We think that our children belong to us, but families are fragile things.
Every day, for over a century, children have been moved between homes because of law cases that decide their fates. Yet child custody is curiously absent from history books and from how we generally understand our world. Lara Feigel’s groundbreaking book shows the fraught, complex territory of child custody to have been one of the vital battlegrounds of modern history and culture.
Custody is the story of seven women – Caroline Norton, George Sand, Elizabeth Packard, Frieda Lawrence, Edna O’Brien, Alice Walker, Britney Spears – who have fought for their children and been found wanting. It is also the story of the children who have lost the care they most need because divorce is at heart a macabre continuation of matrimony in a new setting, with the battles of the marriage stoked into new levels of acrimony by the courts.
It’s a book of dramatic storytelling, and of blistering polemic and large-scale historical re-evaluation. Each chapter immerses the reader in the life and times – and struggles – of these fascinating, charismatic, complex women and their children. All of these women were mothers, but all of them wanted and needed to be other things too – writers, lovers, or activists – and they and their children were punished for these attempts.

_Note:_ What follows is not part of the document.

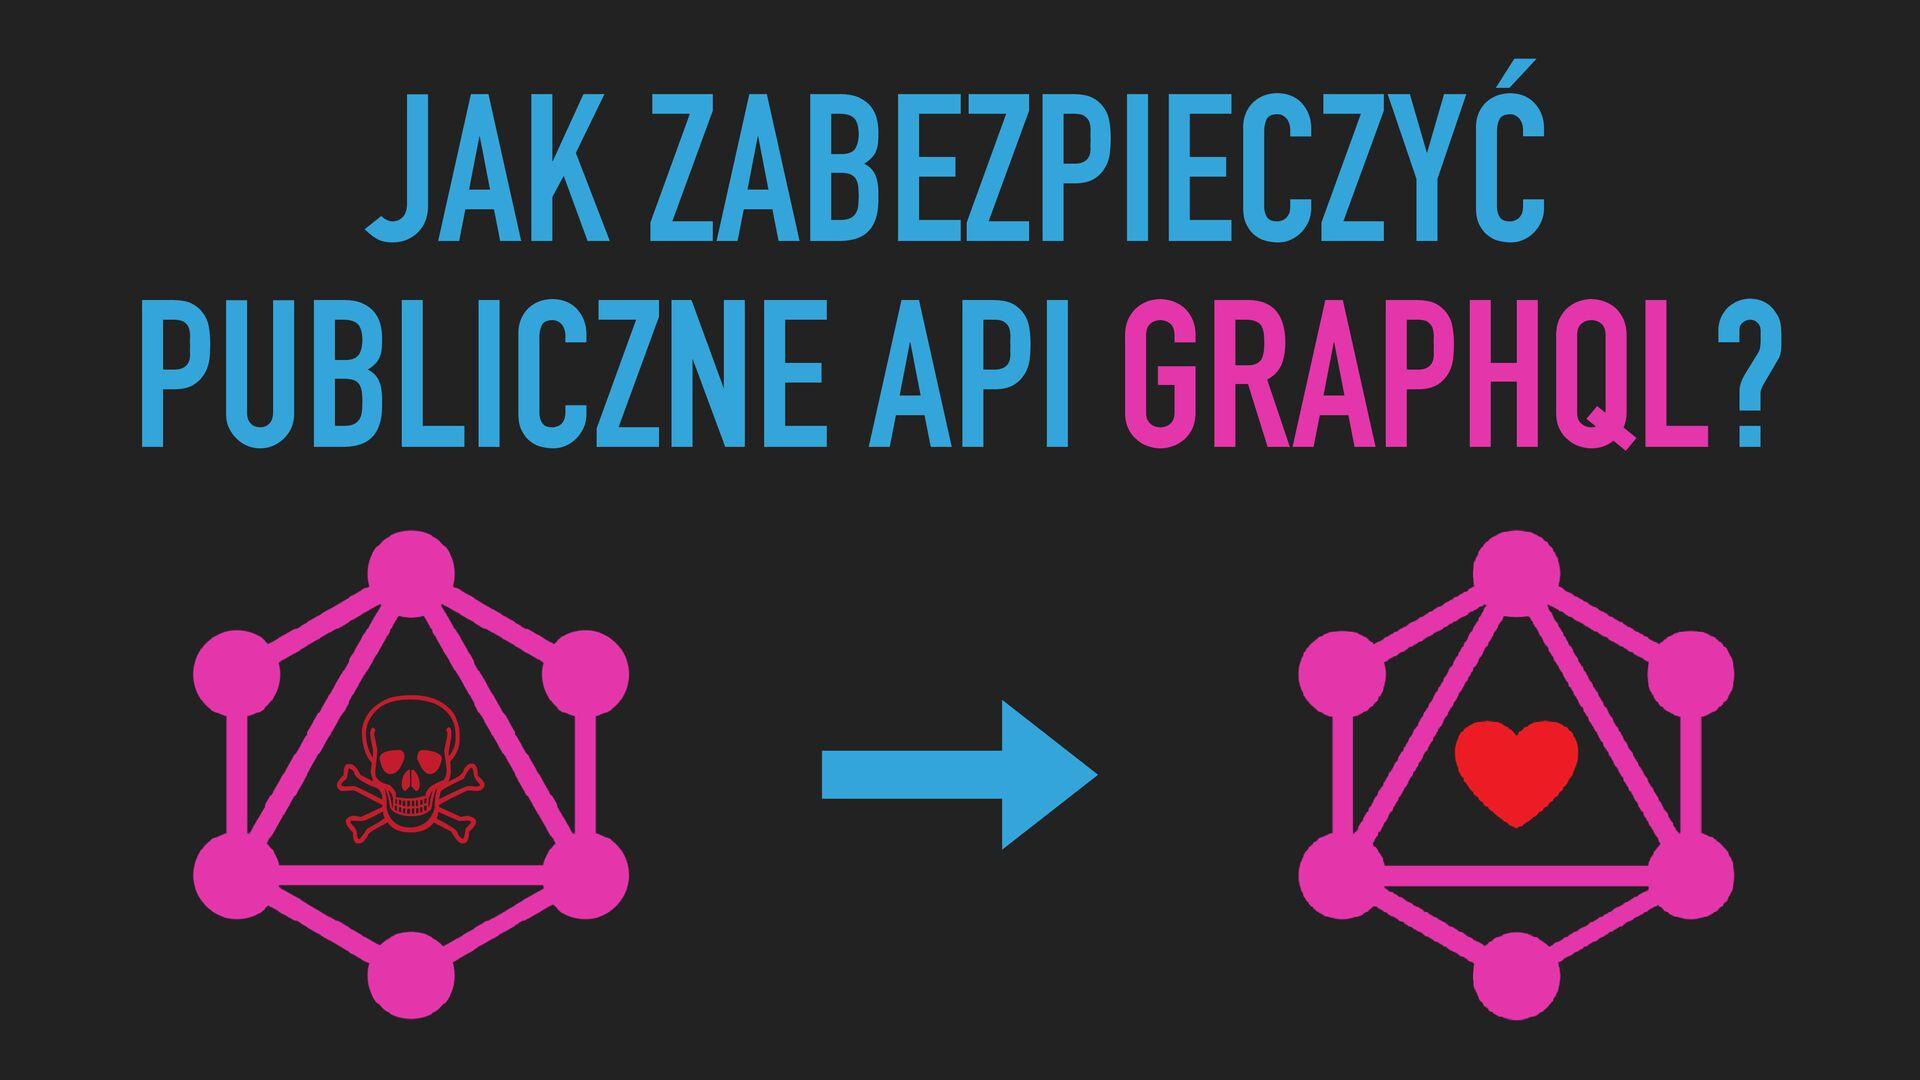 JAK ZABEZPIECZYĆ PUBLICZNE API GRAPHQL? ☠

Feigel has been deep in the archives, looking into thousands of other cases in each place and time, and she’s been sitting in on the family courts in the present. So alongside these central figures, the book presents a teeming picture of fractured family life in Britain, Europe and North America across two hundred years, offering a major new interpretation of how our modern culture has evolved. And Custody is an alternative history of feminism, centring on the fraught relationship between emancipation and care.
This book is of urgent interest to anyone concerned with women’s roles in the world and how institutions fail them. Ultimately it’s a book that sees custody as the nexus where motherhood, ideology and power meet. Custody cases can seem in these chapters to be quintessentially tragic, but the stories of these passionate, conflicted women also make us want to figure out how to do things better.
A well researched read and a lived experience for the author. A complex history of custody battlefields between the patriarchy and feminism. Court decisions of madness at times. Imagine awarding custody to a father in prison for armed robbery (still with 10 years to go) because the mother had an affair. Leaving the children with a father who abused them because the mother had anxiety which was deemed more harmful in the long run for the children. Not all mothers are amazing but decisions should be fair and child focused. Chapters of mothers and their fight to keep their children in a male controlled environment. Aren't most judges, male?
"But what is a child between injured parents? A weapon"
It was a tough read. I felt anger but I felt some hope too, that things will continue to get better especially with Cafcass around. Child focused. A home should feel safe. A book I'll be thinking about for a while.
Thank you to William Collins publishing for this proof copy book.